▶ Extracted entries:
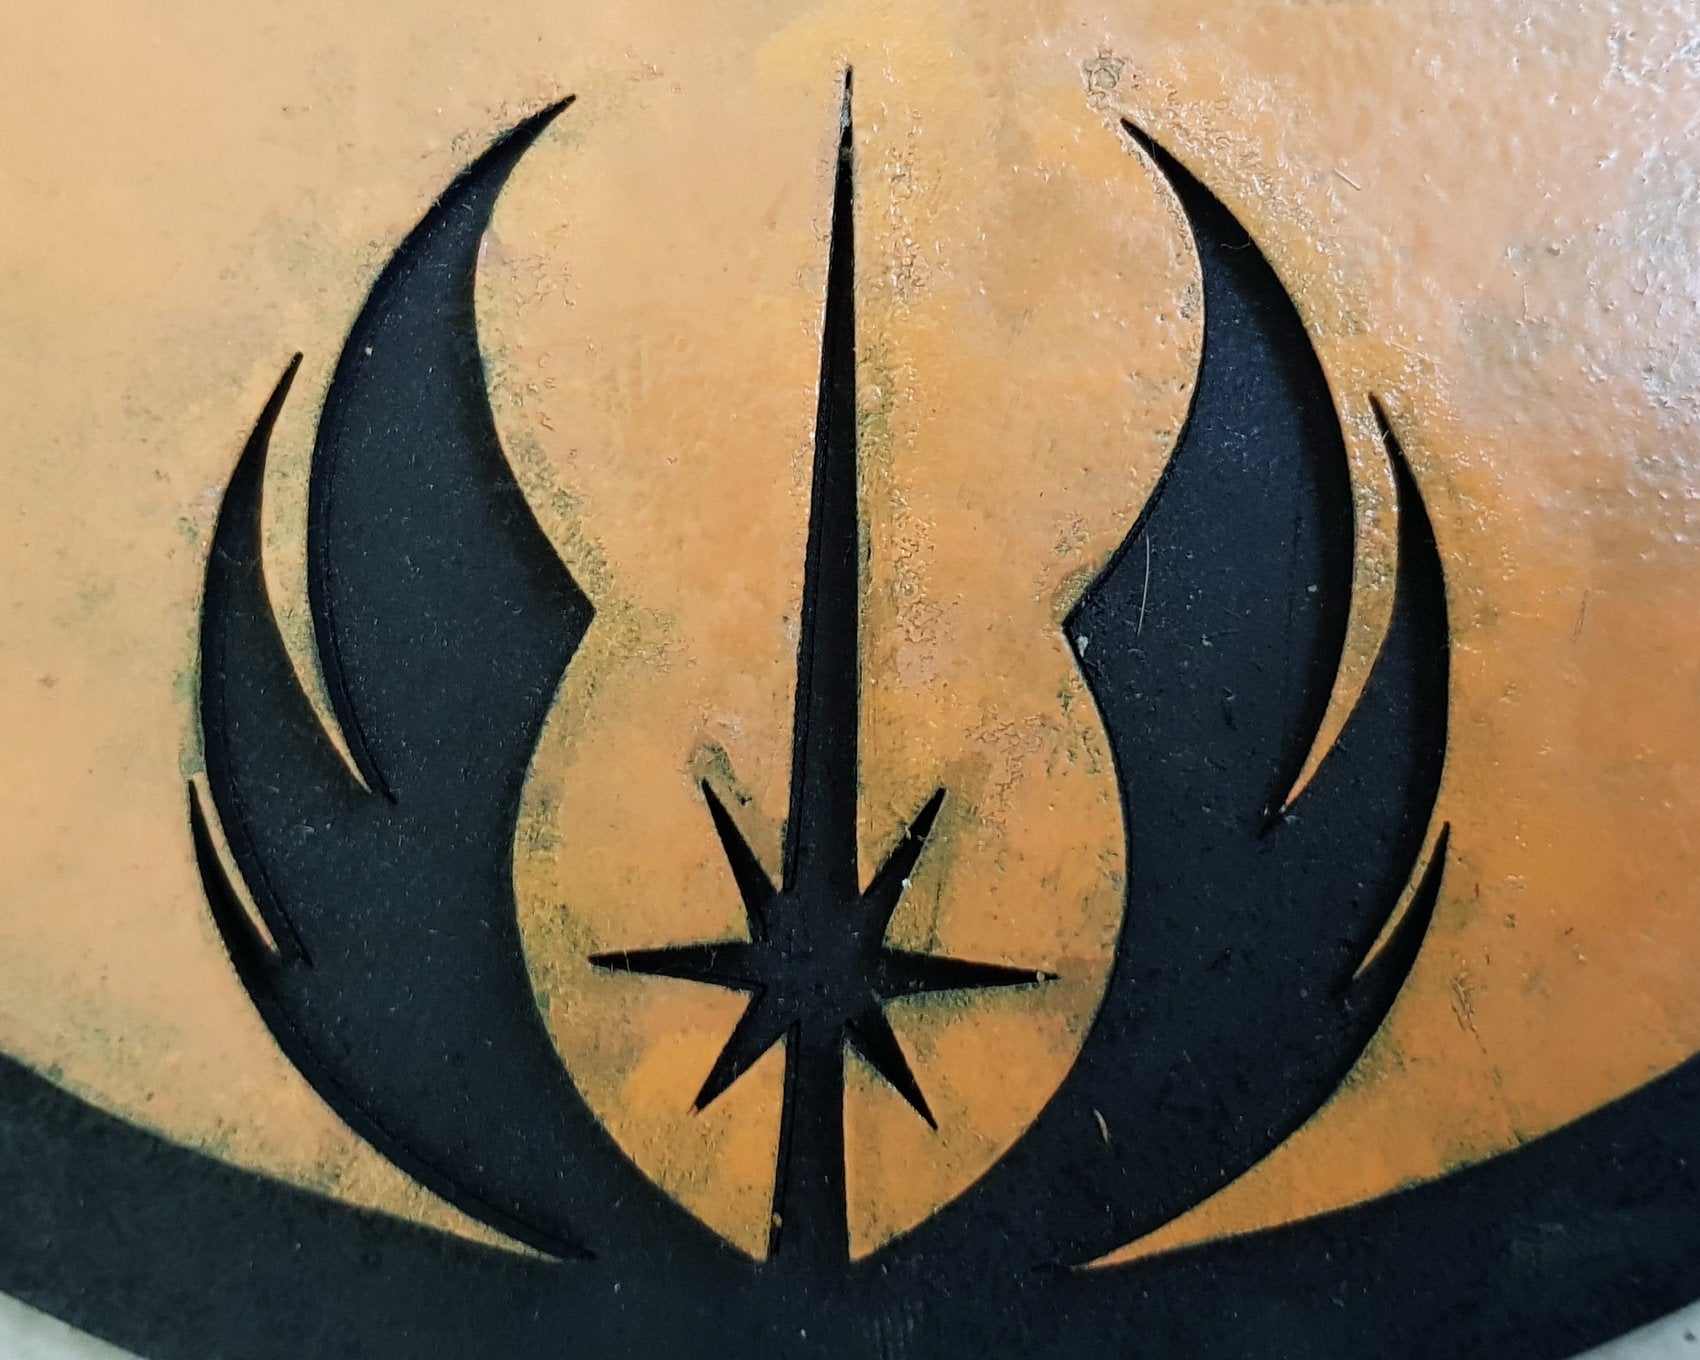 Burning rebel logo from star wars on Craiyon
...
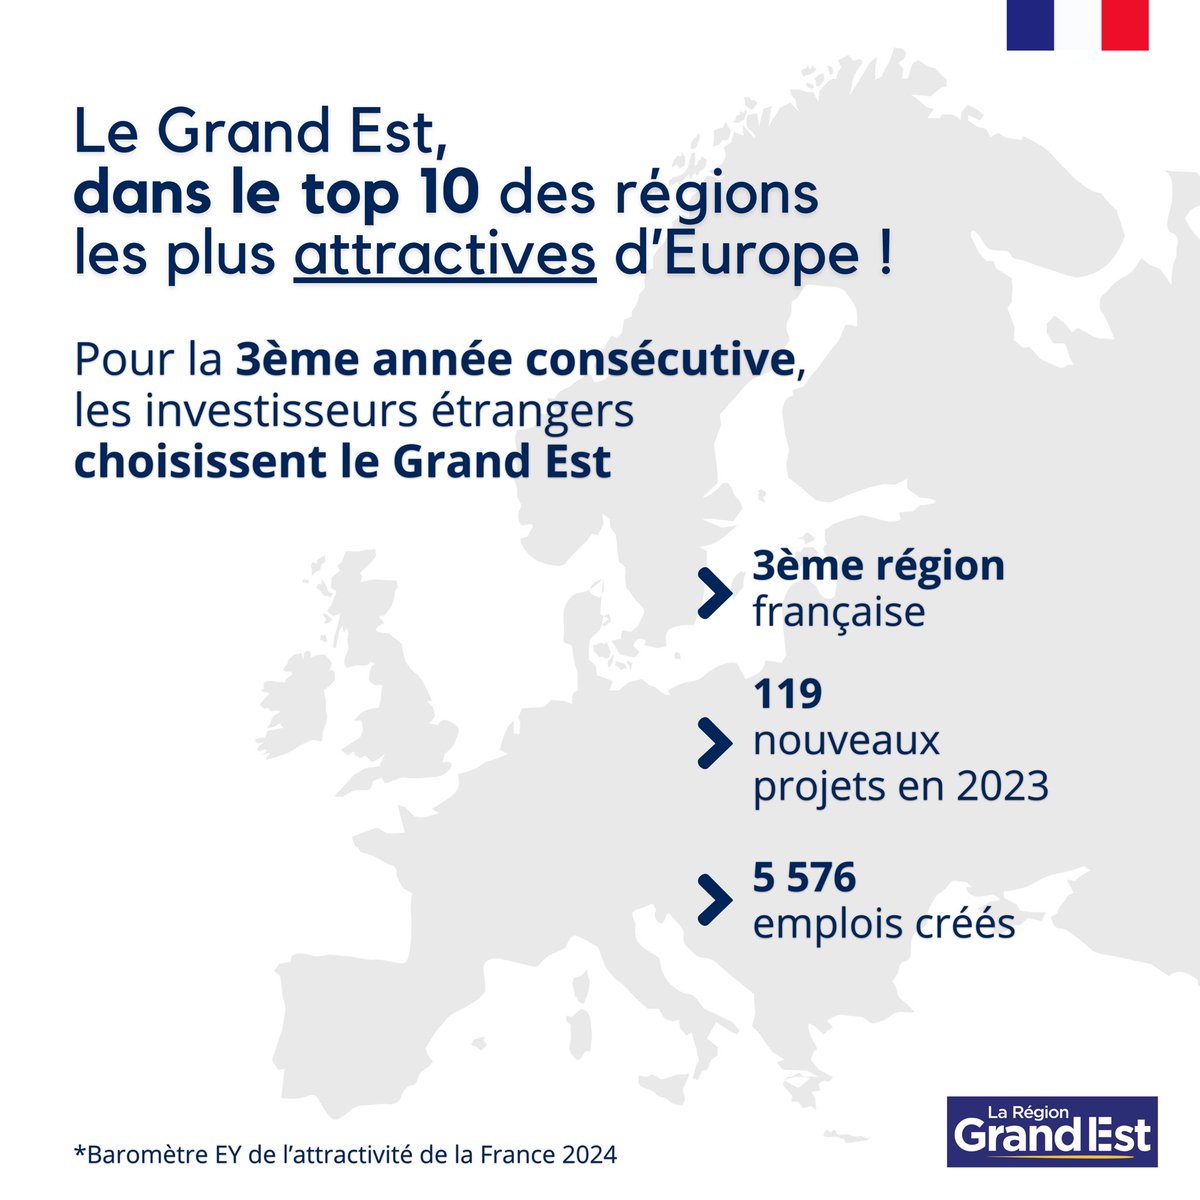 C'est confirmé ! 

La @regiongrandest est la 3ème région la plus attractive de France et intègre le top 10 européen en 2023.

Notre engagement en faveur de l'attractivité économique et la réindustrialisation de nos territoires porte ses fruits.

▶ Prompt:
In the listing above, find the line with "C'est confirmé !" and output every line through the one with "Notre engagement en", exactly, without the pictures.

▶ Written answer:
 C'est confirmé ! 

La @regiongrandest est la 3ème région la plus attractive de France et intègre le top 10 européen en 2023.

Notre engagement en faveur de l'attractivité économique et la réindustrialisation de nos territoires porte ses fruits.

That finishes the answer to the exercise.